I think this letter is quite bad. If Anthropic were building frontier models for safety purposes, then they should be welcoming regulation. Because building AGI right now is reckless; it is only deemed responsible in light of its inevitability. Dario recently said “I think if [the effects of scaling] did stop, in some ways that would be good for the world. It would restrain everyone at the same time. But it’s not something we get to choose… It’s a fact of nature… We just get to find out which world we live in, and then deal with it as best we can.” But it seems to me that lobbying against regulation like this is not, in fact, inevitable. To the contrary, it seems like Anthropic is actively using their political capital—capital they had vaguely promised to spend on safety outcomes, tbd—to make the AI arms race counterfactually worse.

The main changes that Anthropic has proposed—to prevent the formation of new government agencies which could regulate them, to not be held accountable for unrealized harm—are essentially bids to continue voluntary governance. Anthropic doesn’t want a government body to “define and enforce compliance standards,” or to require “reasonable assurance” that their systems won’t cause a catastrophe. Rather, Anthropic would like for AI labs to only be held accountable if a catastrophe in fact occurs, and only so much at that, as they are also lobbying to have their liability depend on the quality of their self-governance: “but if a catastrophe happens in a way that is connected to a defect in a company’s SSP, then that company is more likely to be liable for it.” Which is to say that Anthropic is attempting to inhibit the government from imposing testing standards (what Anthropic calls “pre-harm”), and in general aims to inhibit regulation of AI before it causes mass casualty.

I think this is pretty bad. For one, voluntary self-governance is obviously problematic. All of the labs, Anthropic included, have significant incentive to continue scaling, indeed, they say as much in this document: “Many stakeholders reasonably worry that this [agency]... might end up… impeding innovation in general.” And their attempts to self-govern are so far, imo, exceedingly weak—their RSP commits to practically nothing if an evaluation threshold triggers, leaving all of the crucial questions, such as “what will we do if our models show catastrophic inclinations,” up to Anthropic’s discretion. This is clearly unacceptable—both the RSP in itself, but also Anthropic’s bid for it to continue to serve as the foundation of regulation. Indeed, if Anthropic would like for other companies to be safer, which I believed to be one of their main safety selling points, then they should be welcoming the government stepping in to ensure that.

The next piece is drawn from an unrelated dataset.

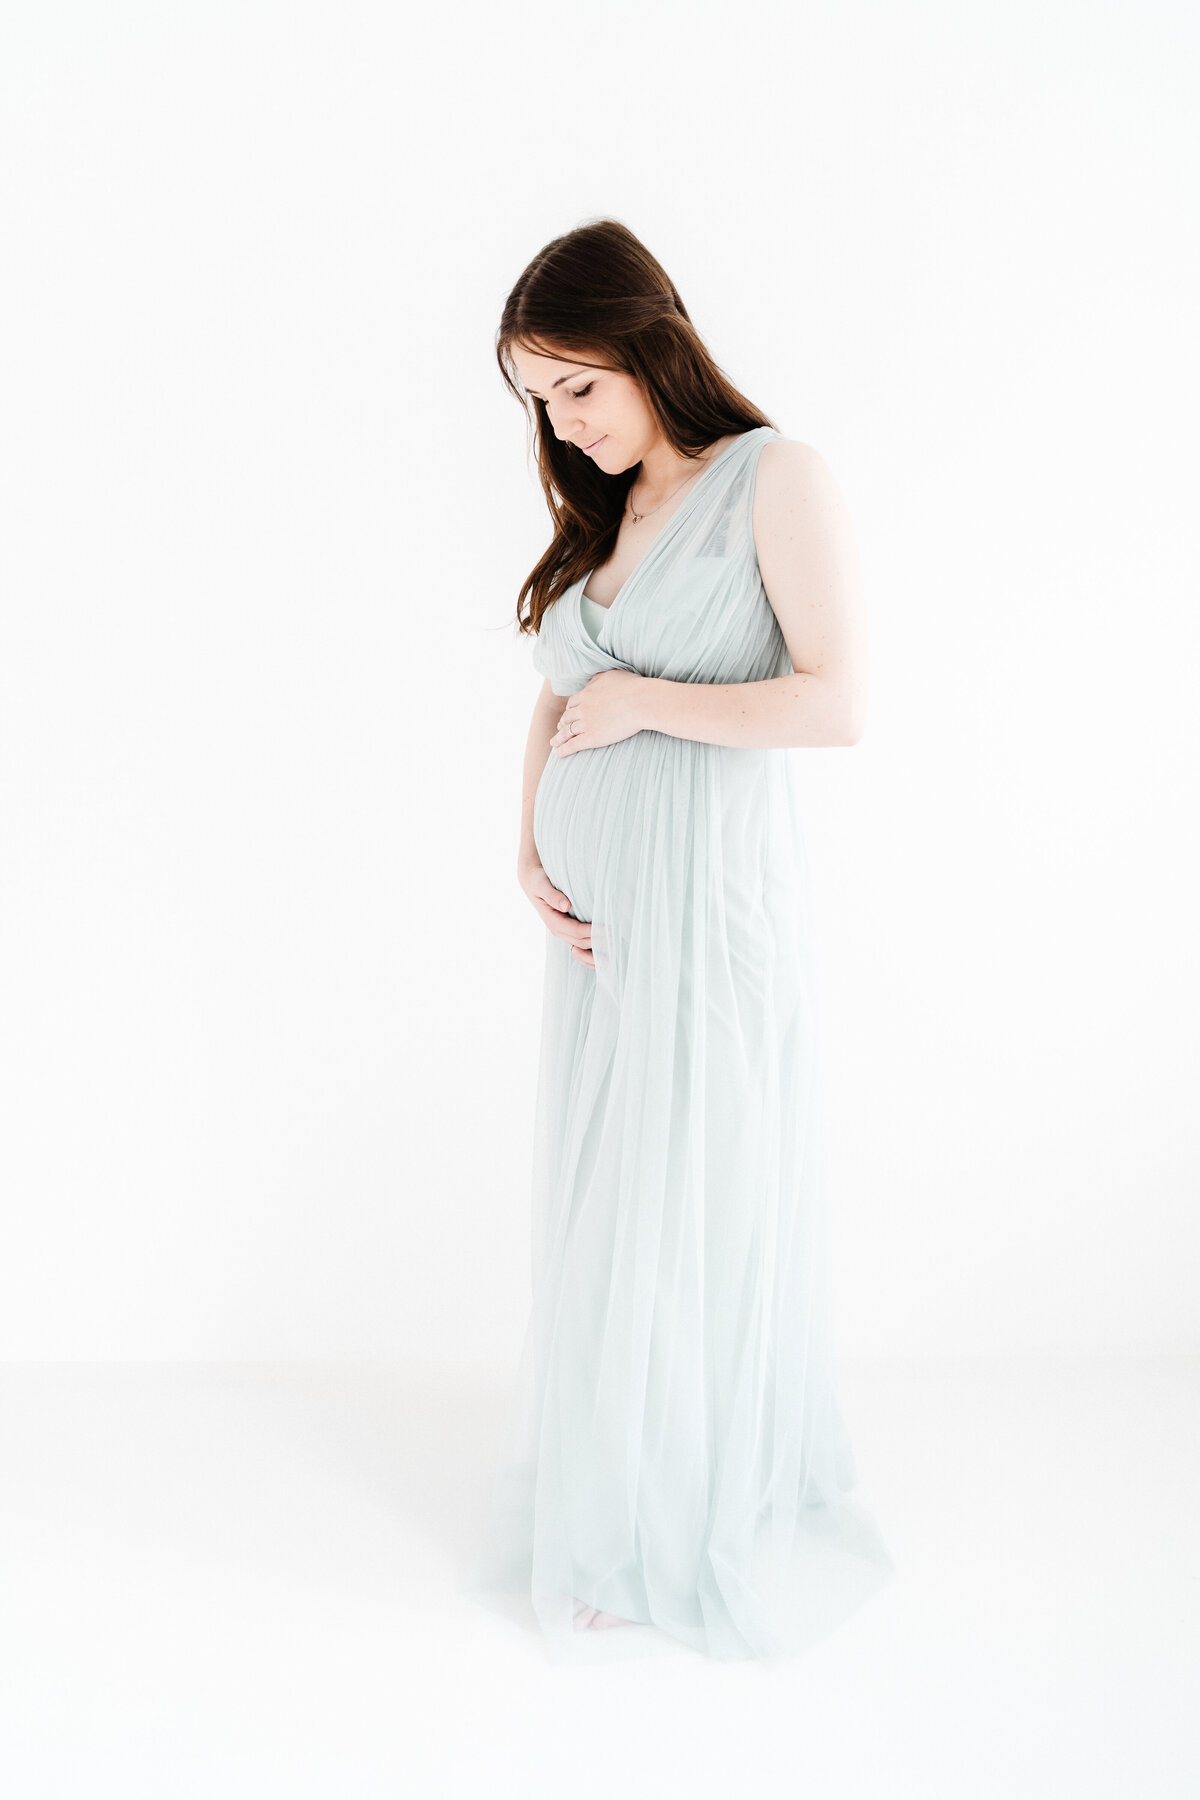 NicoleAthena-Maternity-2

Afaict their rationale for opposing this regulation is that the labs are better equipped to design safety standards than the government is: “AI safety is a nascent field where best practices are the subject of original scientific research… What is needed in such a new environment is iteration and experimentation, not prescriptive enforcement. There is a substantial risk that the bill and state agencies will simply be wrong about what is actually effective in preventing catastrophic risk, leading to ineffective and/or burdensome compliance requirements.” But there is also, imo, a large chance that Anthropic is wrong about what is actually effective at preventing catastrophic risk, especially so, given that they have incentive to play down such risks. Indeed, their RSP strikes me as being incredibly insufficient at assuring safety, as it is primarily a reflection of our ignorance, rather than one built from a scientific understanding, or really any understanding, of what it is we’re creating.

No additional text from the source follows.